Nonsquare Matrices as Transformations between Spaces
With nonsquare matrices it is possible to transform between dimensions.
$$ \underbrace{\vec{v} = \begin{bmatrix} x_i \\ y_i \\ \end{bmatrix}}_{\text{2D vector}} \rightarrow L(\vec{v}) \rightarrow \underbrace{\begin{bmatrix} x_o \\ y_o \\ z_o \\ \end{bmatrix} = \vec{w}}_{\text{3D vector}} $$
Such transformations are also linear because the grid lines in the input and outputspace remain parallel and evenly spaced. Also the origin maps to the origin. The matrix columns describe where the basis vectors of the input space land (get transformed to) in the output space.
A $m \times n$ matrix $\mathbf{A}\in\mathbb{R}^{m\times n}$ has $m$ rows and $n$ columns which maps the $n$ dimensional input space (with its $n$ basis vectors) to the $m$ dimensional output space (which has $m$ basis vectors). The $m$ rows indicate that the landing spots for each of those $n$ basis vectors of the input is described with $m$ separate coordinates.
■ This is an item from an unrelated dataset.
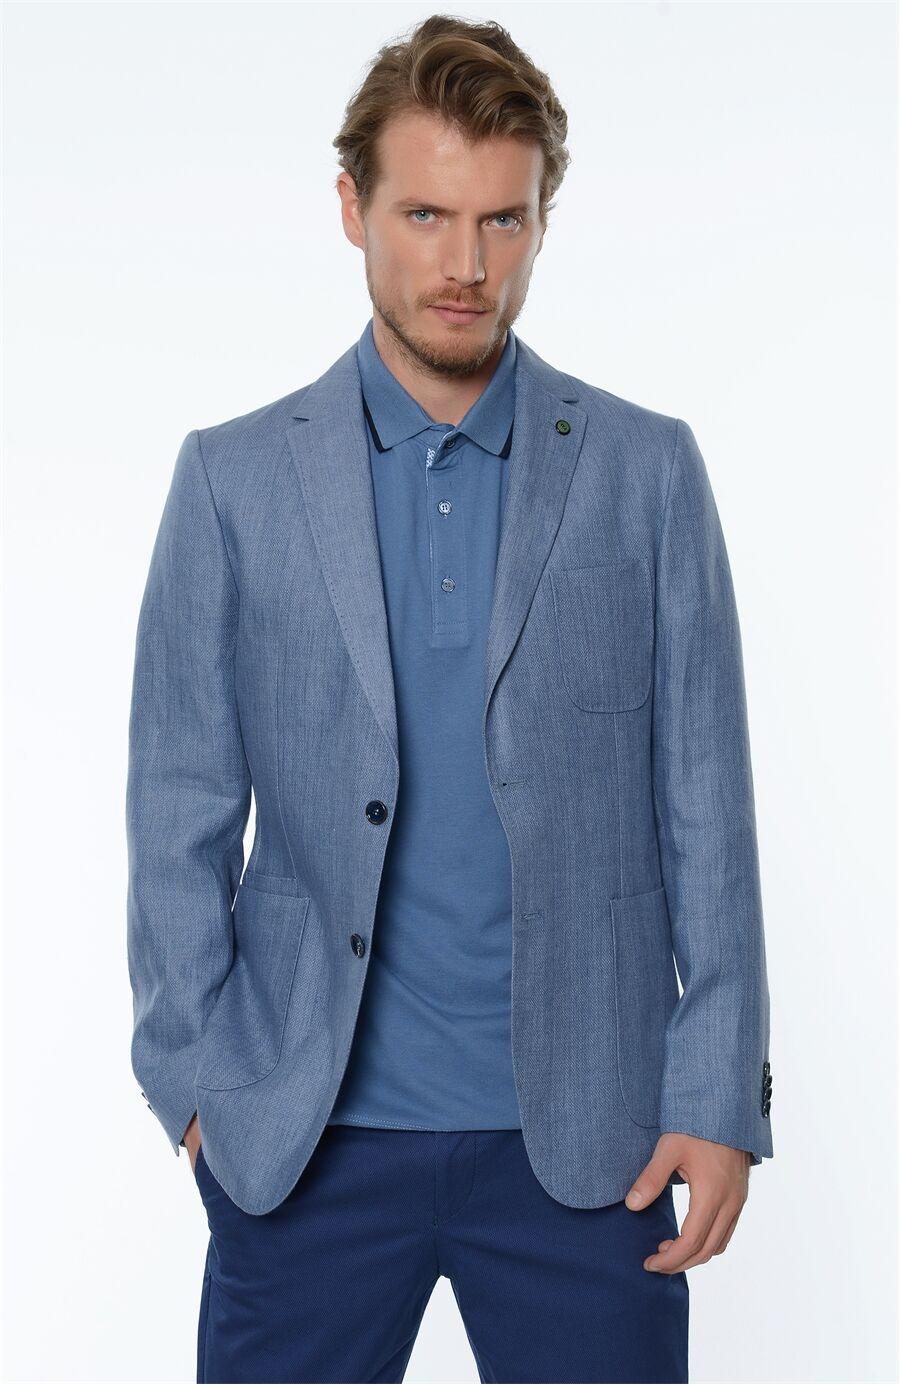 Mavi ceket 2019

$$ \mathbf{A} \vec{v} = \begin{bmatrix} a_{11} & a_{12} & \cdots & a_{1n} \\ a_{21} & a_{22} & \cdots & a_{2n} \\ \vdots & \vdots & \ddots & \vdots \\ a_{m1} & a_{m2} & \cdots & a_{mn} \\ \end{bmatrix} \begin{bmatrix} v_1 \\ v_2 \\ \vdots \\ v_n \\ \end{bmatrix} = \begin{bmatrix} w_1 \\ w_2 \\ \vdots \\ w_m \\ \end{bmatrix} = \vec{w} $$
The column space of this matrix (also the span of the columns or space where all vectors land) $n$ dimensional space slicing through the origin of the $m$ dimensional space. For a $3\times 2$ matrix this would be a 2 dimensional plane slicing through the origin of the three dimensional plane.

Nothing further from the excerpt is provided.